Parallelization of Sequential Monte Carlo: sample_smc

Hello everyone,

I am new to PyMC and I am planning to use the SMC sampler, pm.sample_smc, for Bayesian parameter calibration. For example:

pm.sample_smc(draws=1000, chains=1, cores=1)

One attractive feature of SMC methods is that, within each sequential stage, the particles can in principle be evaluated independently. Therefore, likelihood evaluations, weight calculations, and MH mutation steps could theoretically be parallelized across particles.

However, in the default PyMC setup, the forward runs of my model appear to be executed one at a time. This gives me the impression that the particles within a single SMC chain are evaluated sequentially, which creates a significant computational bottleneck for my application.

My question is: does PyMC’s implementation of sample_smc support parallel evaluation of particles within a single SMC chain? If so, how can this be controlled or activated?
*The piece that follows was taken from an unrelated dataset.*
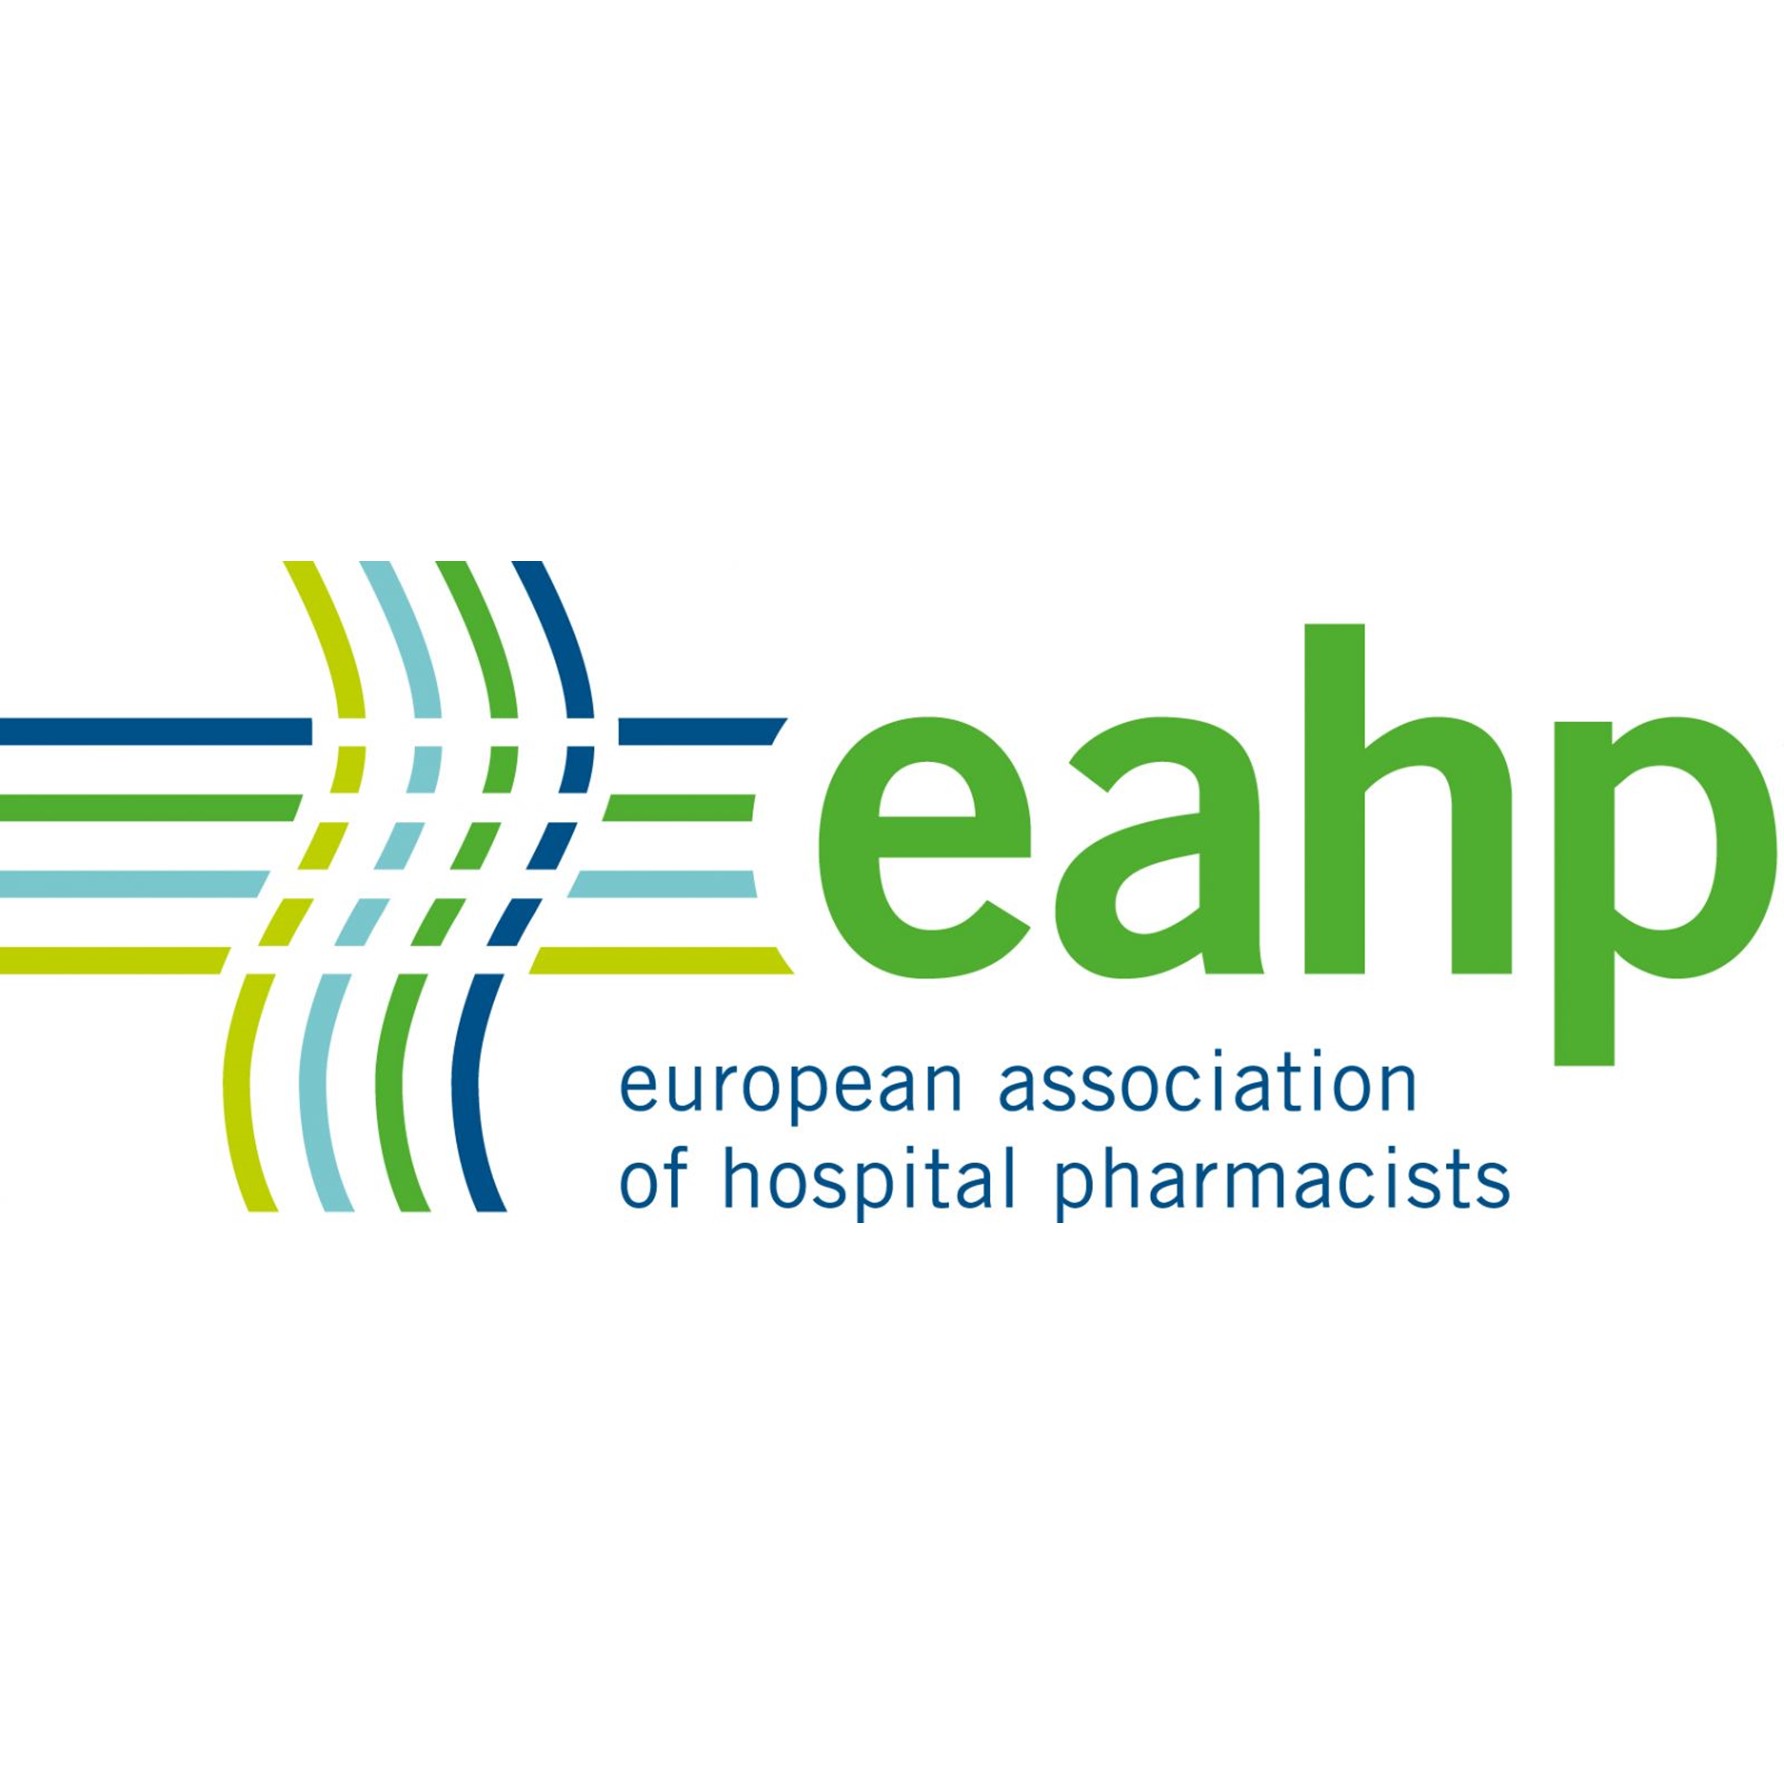 European Association of Hospital Pharmacists (EAHP) image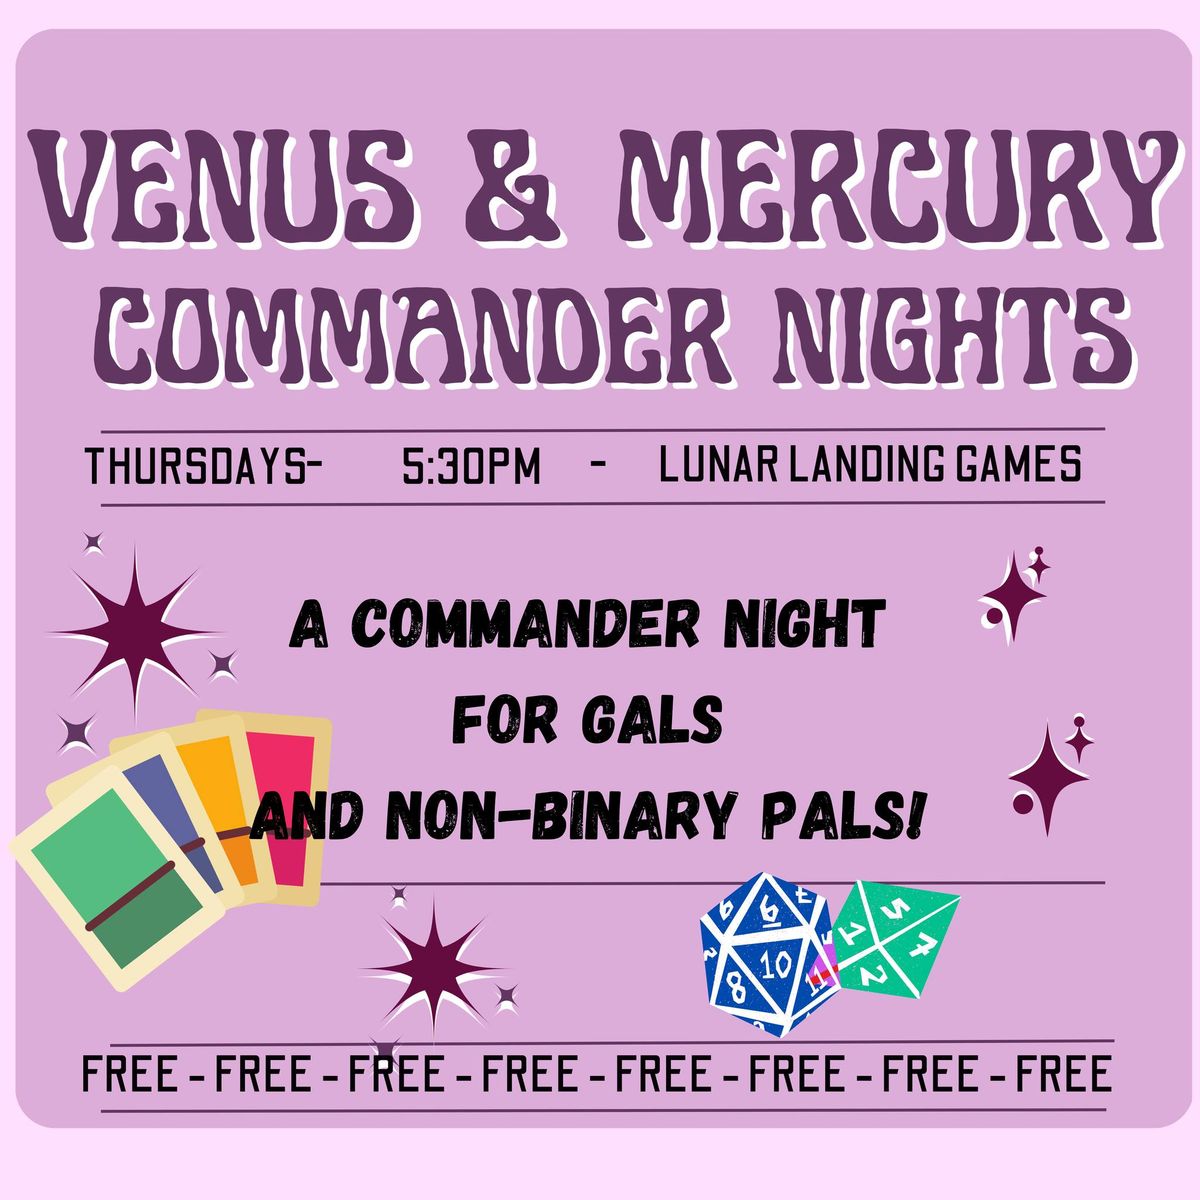 Venus & Mercury Commander Nights

From what I have seen so far, the only available parallelization seems to be at the chain level, e.g. by running multiple chains in parallel using chains and cores.

Thanks in advance, and please let me know if any additional information would be helpful.

Not really, it would require changing the internals a bit.

we could at the very list handle the log likelihood as a vectorized function and use multi threading there, but we don’t. The rest of the kernel is just python code.